DHT Blockers for Women

Finasteride and dutasteride are not typically prescribed for women of childbearing age because they can cause birth defects in male fetuses. Instead, women with pattern hair loss are more commonly treated with spironolactone, which works as an anti-androgen by blocking DHT and other androgens from binding to receptors.

Spironolactone is effective but carries its own side effect profile. In a systematic review of women using it for hair loss, about 19% experienced scalp itching or flaking, nearly 12% had menstrual irregularities, and about 7% noticed increased facial hair growth. The overall adverse event rate was 3.69%, and most side effects were mild. Women with a history of hormonal imbalances or menstrual disorders should discuss the tradeoffs carefully with their provider.

Natural DHT-Blocking Supplements

Saw palmetto is the most studied natural DHT blocker. It works through a similar mechanism to finasteride, partially inhibiting 5-alpha reductase, though less potently. Across multiple clinical trials, results have been modest but measurable. One study found a 27% improvement in total hair count over 50 weeks using a saw palmetto lotion, compared to about 14% with a placebo. Another showed 60% of participants rated their overall hair quality as improved, versus 11% with placebo. In a head-to-head comparison with finasteride, 38% of saw palmetto users showed increased hair density compared to 68% on finasteride. Saw palmetto also stabilized hair loss progression in 52% of users without reversing it.

Pumpkin seed oil is another natural option with clinical data behind it. In a randomized, placebo-controlled trial, men taking pumpkin seed oil supplements saw a 40% increase in hair count over 24 weeks, compared to a 10% increase in the placebo group. The effect was apparent by 12 weeks, when hair counts had already risen by 30%. Pumpkin seed oil likely works through mild 5-alpha reductase inhibition, though the exact mechanism isn’t fully established.

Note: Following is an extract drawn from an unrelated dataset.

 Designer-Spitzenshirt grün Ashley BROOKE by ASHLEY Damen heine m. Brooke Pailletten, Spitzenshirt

These natural options carry fewer side effects than prescription drugs, but they’re also less potent. They may work best for people with early or mild hair thinning, or as additions to a broader treatment plan.

How Long Results Take

With standard prescription DHT blockers like finasteride and minoxidil used together, you should expect a minimum of 4 to 6 months before seeing visible hair growth. For most people, the first sign of progress is reduced shedding, which can happen within the first 1 to 3 months. Visible thickening and regrowth typically follow in the 6 to 12 month window, with results continuing to improve through the second year.

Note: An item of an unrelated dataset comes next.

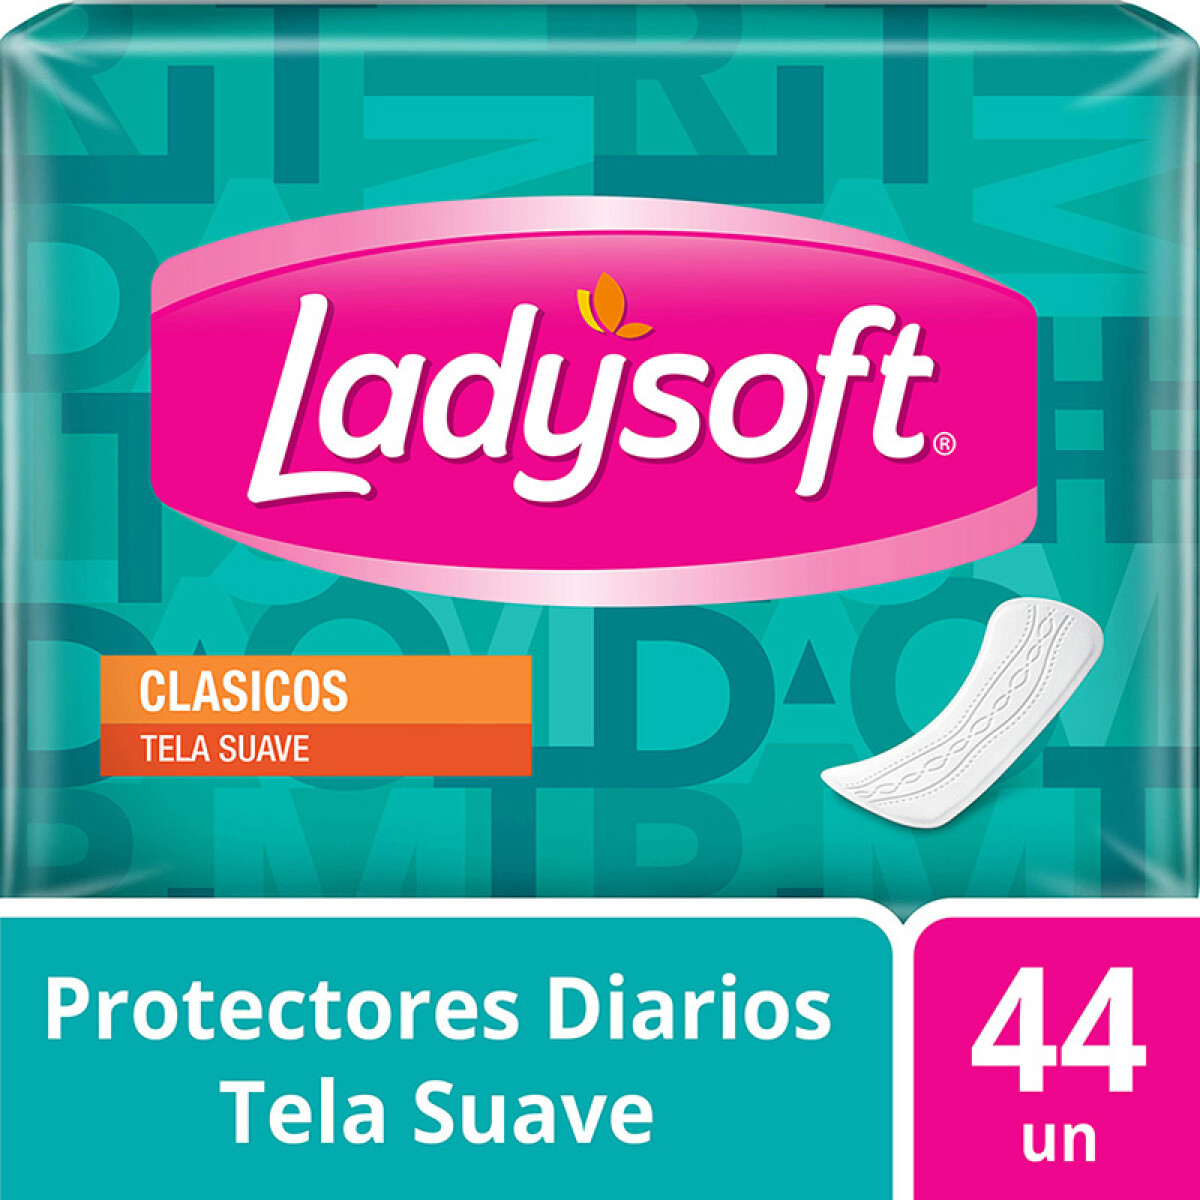 Ladysoft toalla - Protector clásico x44

Some combination regimens that include ketoconazole shampoo (which has mild anti-androgen properties at the scalp) alongside prescription treatments have shown faster initial responses, with objective growth visible in as little as 30 to 60 days in some patients. Results vary significantly depending on how advanced hair loss is at the start of treatment. Follicles that have been miniaturized for many years are less likely to recover than those that started thinning recently.

Consistency Is What Matters Most

DHT blockers only work while you’re using them. If you stop taking finasteride or applying a topical treatment, DHT levels return to their previous levels and follicle miniaturization resumes. Most people who discontinue treatment lose the hair they regained within 6 to 12 months. This is true for both prescription and natural options. Whatever approach you choose, think of it as an ongoing commitment rather than a temporary fix.